To collect data, they set up a code-metrics storage to put all test execution analytics in a single place. Striebeck pointed out that Google has a single code repository, which is completely open to all of the 10000 developers. Although all systems are released independently (with release release cycles randing from a week to a month), everything is built from HEAD without any binary releases, and the repository receives several thousand changes per day with spikes of 20+ changes per minute. This resulted in 40+ millions of tests executed per day from a continuous integration service plus IDE and command line runs, they collected test results, coverage, build time, binary size, static analysis and complexity analysis. Instead of anyone deciding whether a test is good or not, the system observed what people do with tests to rank them. They looked into what a developer does after a test fails. If the code was changed or added, the test was marked as good. If people changes the test code when it fails, it was marked as a bad test (especially if everyone is changing it). This means that the test was brittle and has a high maintenance cost. They also measured which tests are ignored in releases and which tests often failed in the continuous build and weren’t executed during development.
The first step was to provide developers reactive feedback on tests. For example, the system suggested deleting tests that teams spent loads of time maintaining.

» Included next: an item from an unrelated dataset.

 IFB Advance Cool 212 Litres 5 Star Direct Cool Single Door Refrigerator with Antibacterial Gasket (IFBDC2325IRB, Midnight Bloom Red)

They then collected metrics on whether the people actually acted on suggestions or not. The system also provided metrics to tech leads and managers to show how teams are doing with tests.
The second step, which is in progress at the moment, is to find patterns and indicators. As they now have identified lots of good and bad tests, the system is looking for common characteristics among them. Once these patterns are collected, algorithms will be designed to identify good and bad tests, and manually calibrated by experts.
The third step will be to provide constructive feedback to developers, telling developers how to improve tests, what tests to write an dhow to make the code more testable.
The fourth step in this effort will be to provide prognostic feedback, analysing code evolution patterns and warn developers that their change might result in a particular problem later on.